The primary cata source used for this project was the publicly available Spotify Api. From the API, we obtained valuable information about playlists, from their lengths and popularities to their component songs and a list of Spotify-derived audio features for each track. For this project we analyzed 2,000 playlists that have been individually curated by Spotify, encompassing a universe of roughly 20,000 songs.

Project Features

Our project is divided into the following broad spheres of analysis:

  1. Developing a predictive model for the popularity of any given playlist (or collection of tracks) based on metadata & audio features from the Spotify API
  2. Deriving our own audio features using sophisticated signal processing and feature extraction techniques
  3. Identifying similarity metrics that can optimize the creation of a new, optimal playlist given an input song of interest using Spotify and raw audio features

Data Exploration and Visualization

This carousel cycles through primary observations learned through the data exploration phase of the project, such as understanding the relationship between the mean popularity of a playlist's tracks and the overall popularity of a playlist.

Predicting Playlist Popularity

This section describes a series of models that predict the popularity of a playlist, defined as the number of playlist followers binned into 5 popularity levels based on quantile.
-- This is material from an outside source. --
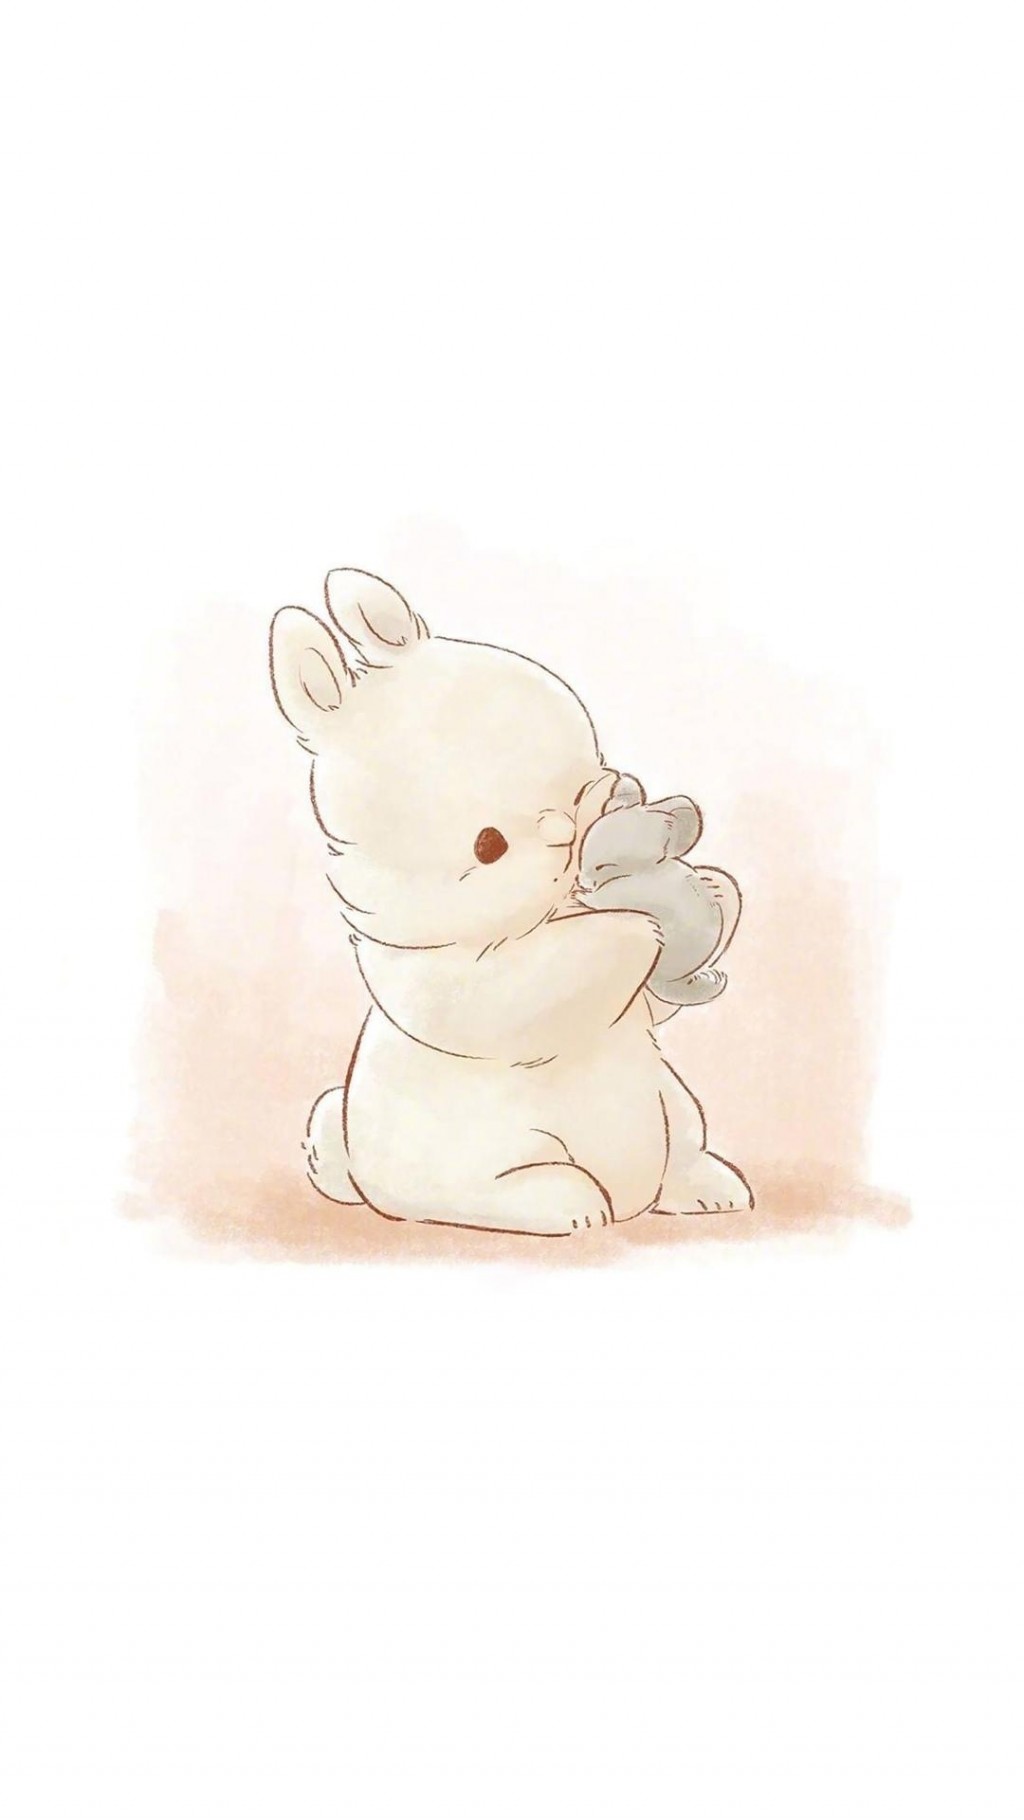 萌萌哒小兔子可爱卡通手绘插画

The inputs to this model include various attributes relating to the playlist as well as its component songs. As the number of songs per playlist varies, summary metrics were decided upon and tested in order to generate a final array of playlist-level features that could be used for a suitable prediction.

Subset 1: Song-Level Data

The Spotify API provides a number of important data points on the track level, namely the popularity of the track on an index basis from 1 to 100, as well as the number of markets the song is available in. The API also notably includes the following audio-based features per song: acousticness, danceability, duration, energy, instrumentalness, key, liveness, loudness, mode, tempo, valence, and time signature.

Subset 2: Playlist-Level Data

Playlist-level data includes three primary metrics: the number of followers (in other words, the response variable we are trying to predict), the number of tracks that are in the playlist, and an indicator corresponding to whether the playlist is featured or not.

Generating a Training Set

One important observation that guided our modeling approach for playlist popularity prediction was the understanding that the mean popularity of a playlist's tracks were a rough proxy or independently strong predictor of popularity. In order to improve upon the predictive ability of an all-encompassing model, however, our goal was to determine whether the addition of acoustical features to a training set would improve the classification rate of a predictive model.
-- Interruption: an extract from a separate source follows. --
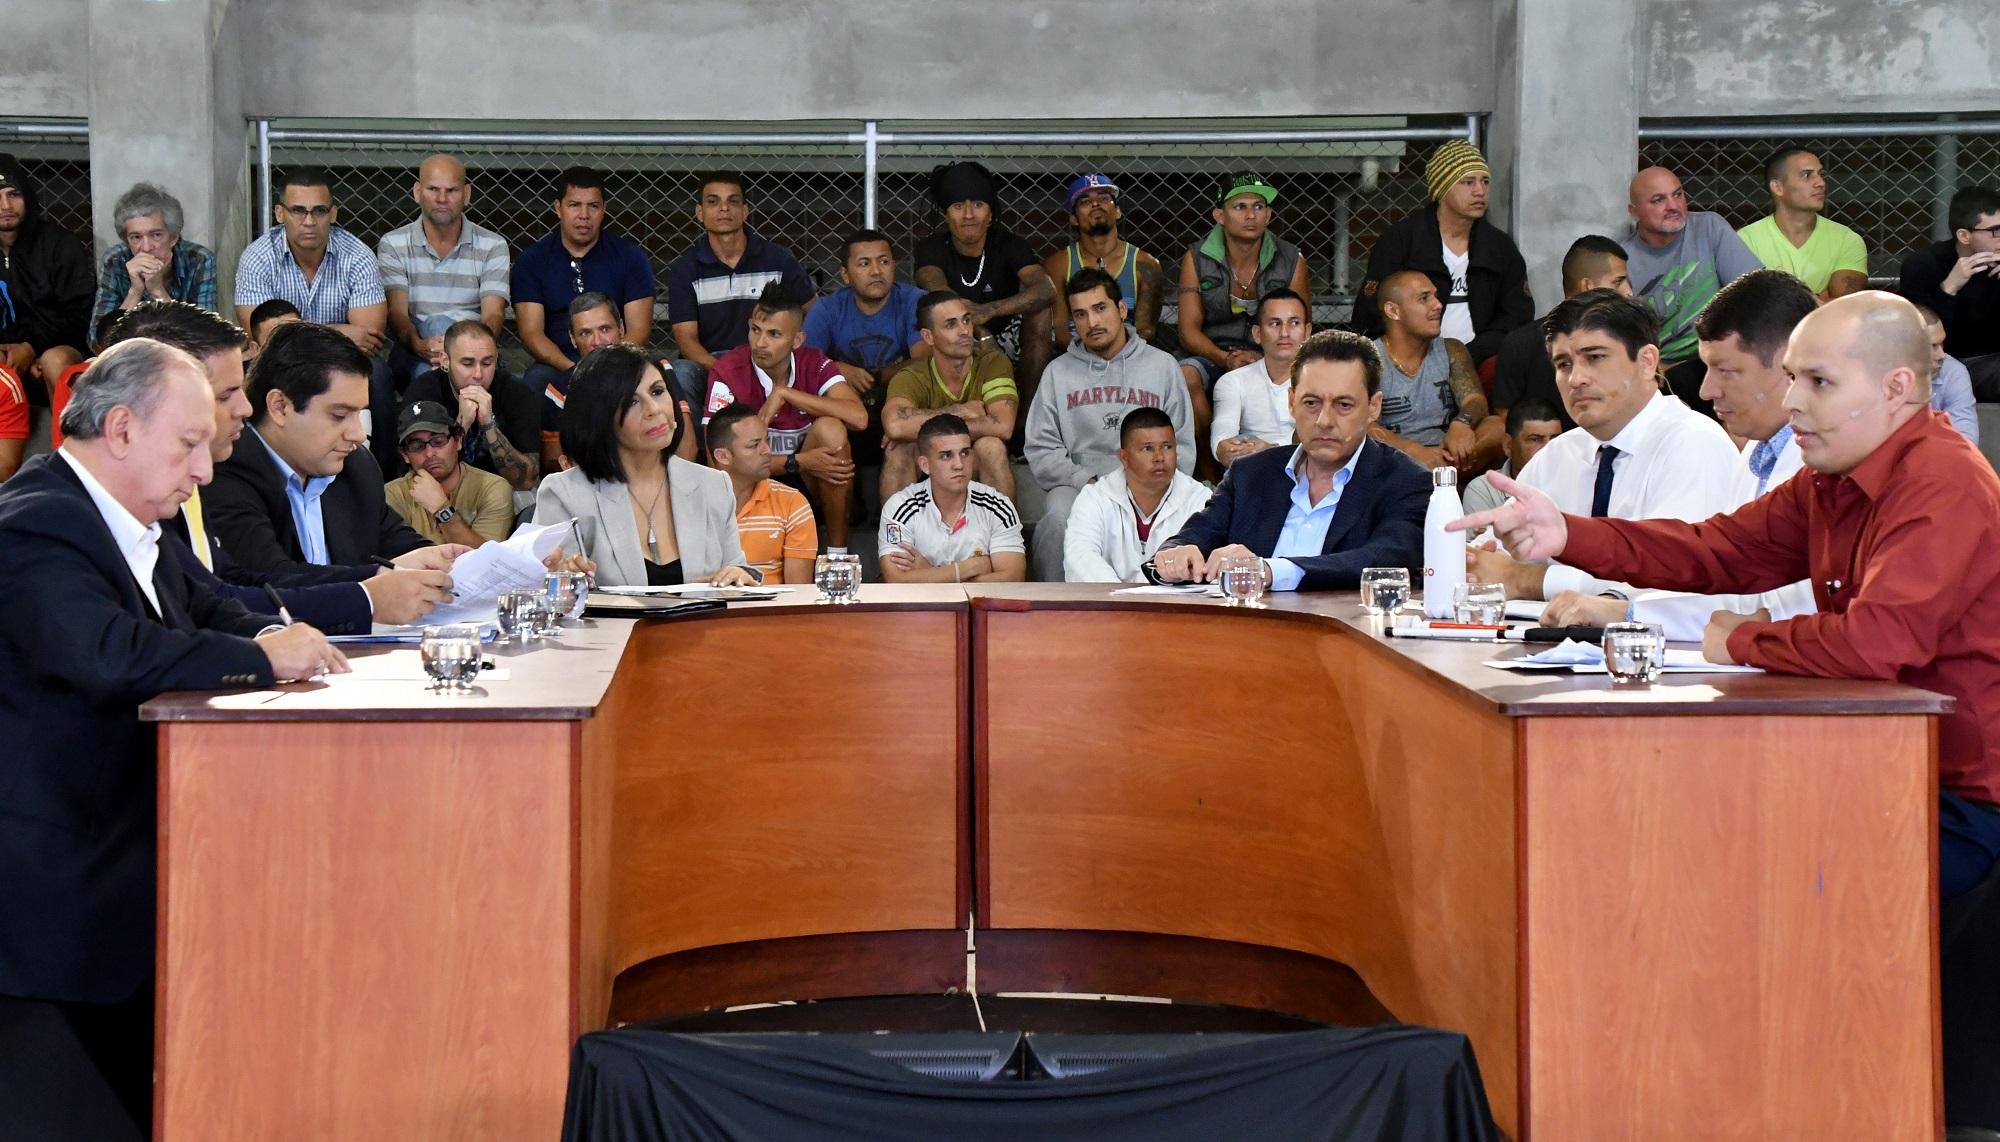 Siete candidatos a la presidencia de Costa Rica debaten en La Reforma, la cárcel más grande del país. El público estaba integrado por privados de libertad. Foto Ezequiel Becerra (AFP).

In order to generate a training set of playlist-level features, a careful consideration of track-level analysis had to be made in order to aggregate song data in a meaningful way. While simple averaging or addition could have been a simple solution, capturing the distribution of acoustic features more precisely should contain better predictive ability. As a result, our approach was to first approximate the distribution of acoustic features by representing each acoustic features in 5 different columns, each corresponding to the quantile of that feature's distribution across the playlist. The second, and chosen, approach was to instead reflect the distribution through sequencing, by providing the median value of that acoustic feature for songs that belong to a particular quartile of the playlist's progression.

Baseline Model: Results

Various models were tested for predicting playlist popularity, including logistic regression, support vector machines, and random forest classifiers. The best performing model was a random forest whose overall accuracy was 78% on a training set when both acoustic features and metadata were included.

Final Model: Results

After implementing a rigorous regime of training and testing with cross-validation and tuning, the best performing model was also a random forest classifier of depth 29. While the training set was classified with almost perfect accuracy, results on an out-of-bag testing sample were roughly 50%, indicating a rare case of overfitting within the random forest.

Raw Audio Analysis

Raw-audio Feature Extraction

As part of our dataset, we have 30 second raw-audio samples for 15k songs. We extracted 34 acoustic features from raw-audio at each second using a feature extraction library available here The acoustic features include 13 Mel Frequency Cepstral Coefficients(MFCC) , 12 Chroma coefficients in addition to energy and other spectral features. These features are a characteristic of the frequency and pitch of the songs. Combining all the 34 features taken at 30 timestamps of a song make 1020 dimensional predictor for a song.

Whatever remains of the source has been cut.